╭─ Dataset extract
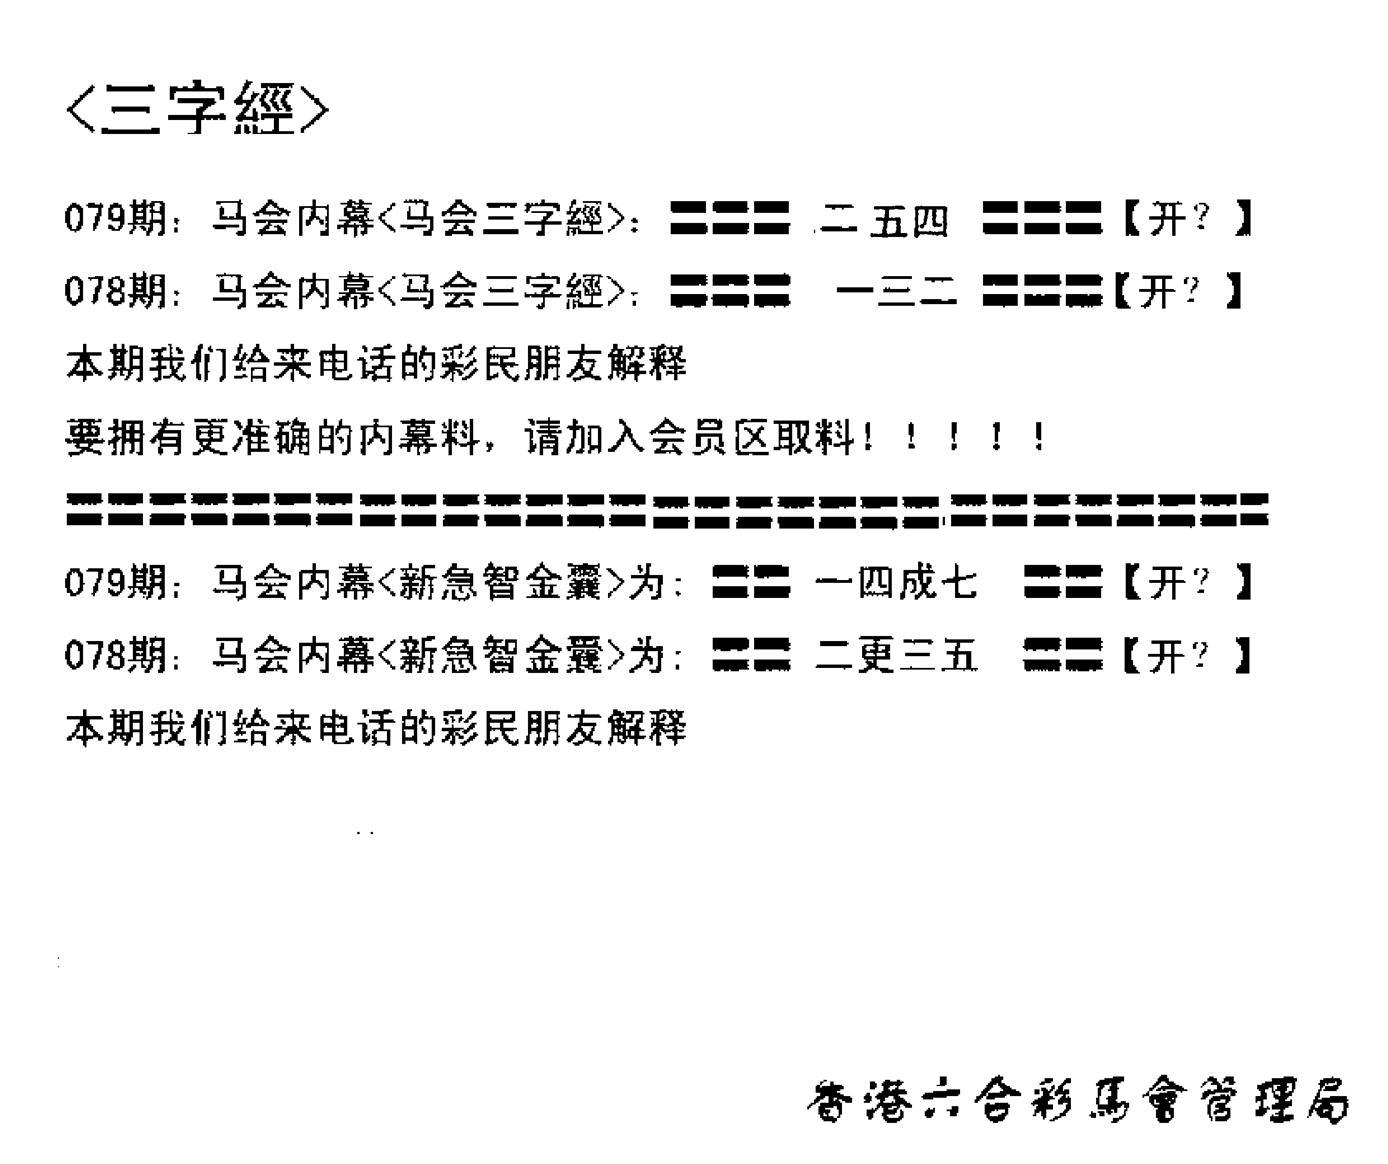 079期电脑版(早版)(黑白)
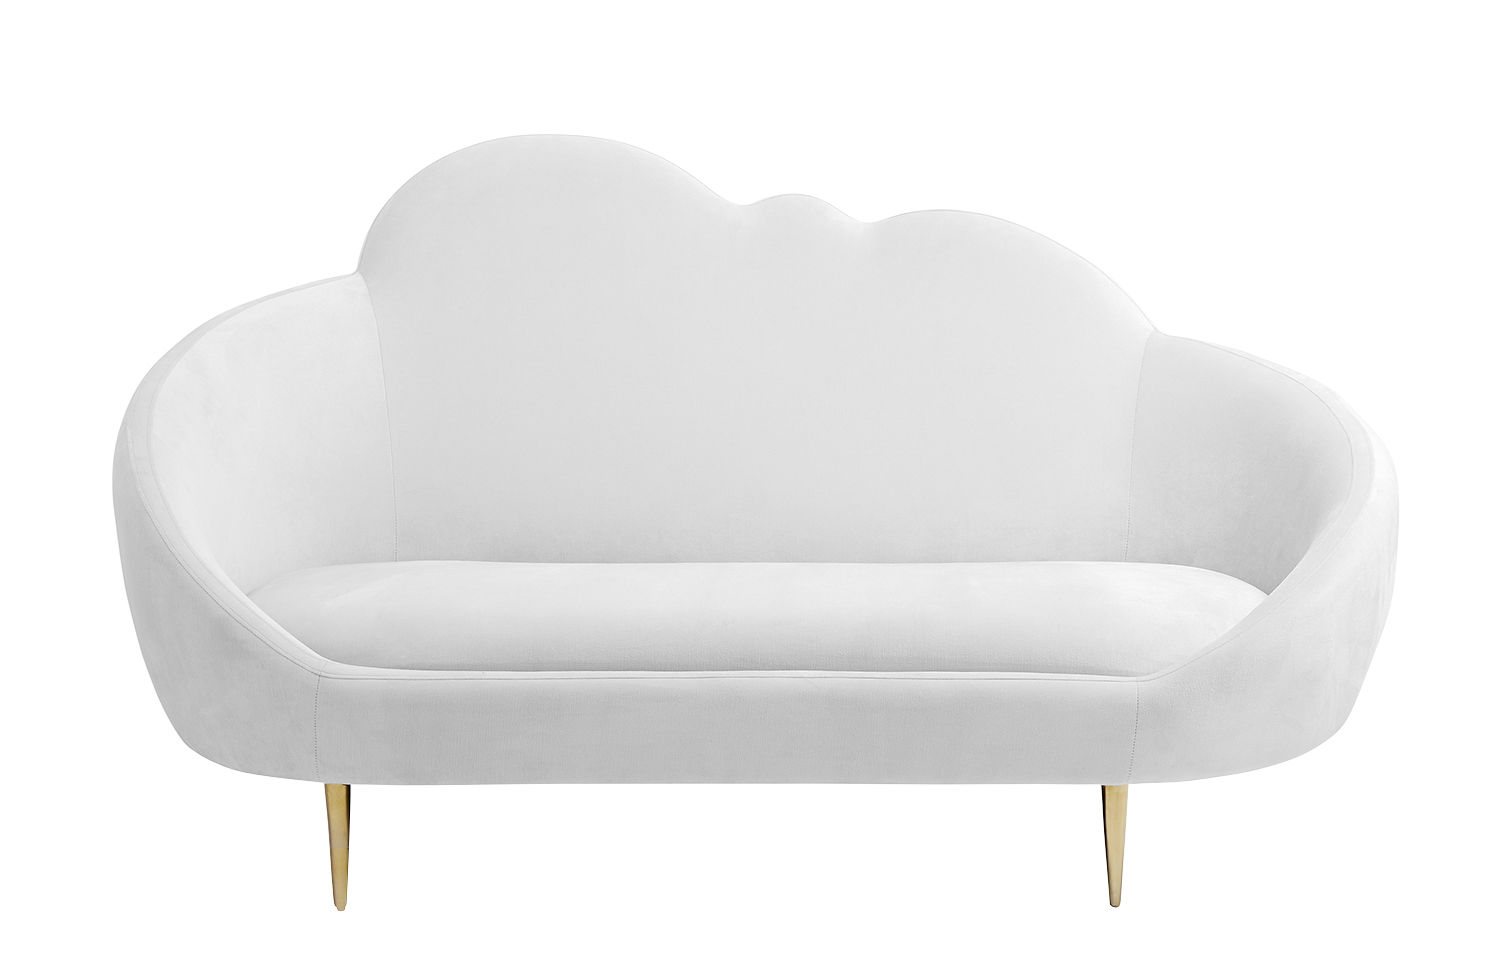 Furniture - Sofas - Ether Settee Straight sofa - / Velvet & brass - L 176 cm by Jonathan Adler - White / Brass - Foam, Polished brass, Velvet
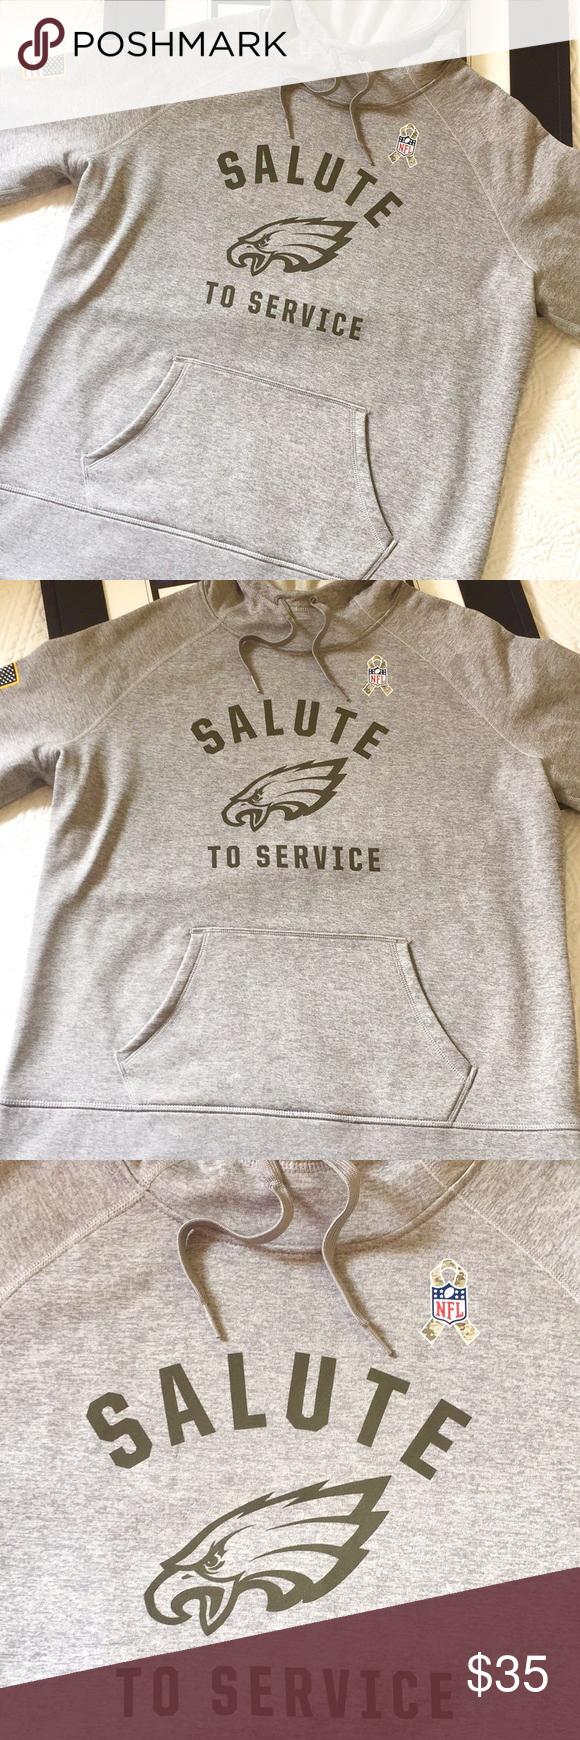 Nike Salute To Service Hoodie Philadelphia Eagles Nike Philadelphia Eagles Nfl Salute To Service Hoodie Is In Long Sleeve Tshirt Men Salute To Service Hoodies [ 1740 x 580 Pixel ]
╰─
Goal of the exercise »
Transcribe the data word for word, with no images.

Answer section »
 079期电脑版(早版)(黑白)
 Furniture - Sofas - Ether Settee Straight sofa - / Velvet & brass - L 176 cm by Jonathan Adler - White / Brass - Foam, Polished brass, Velvet
 Nike Salute To Service Hoodie Philadelphia Eagles Nike Philadelphia Eagles Nfl Salute To Service Hoodie Is In Long Sleeve Tshirt Men Salute To Service Hoodies [ 1740 x 580 Pixel ]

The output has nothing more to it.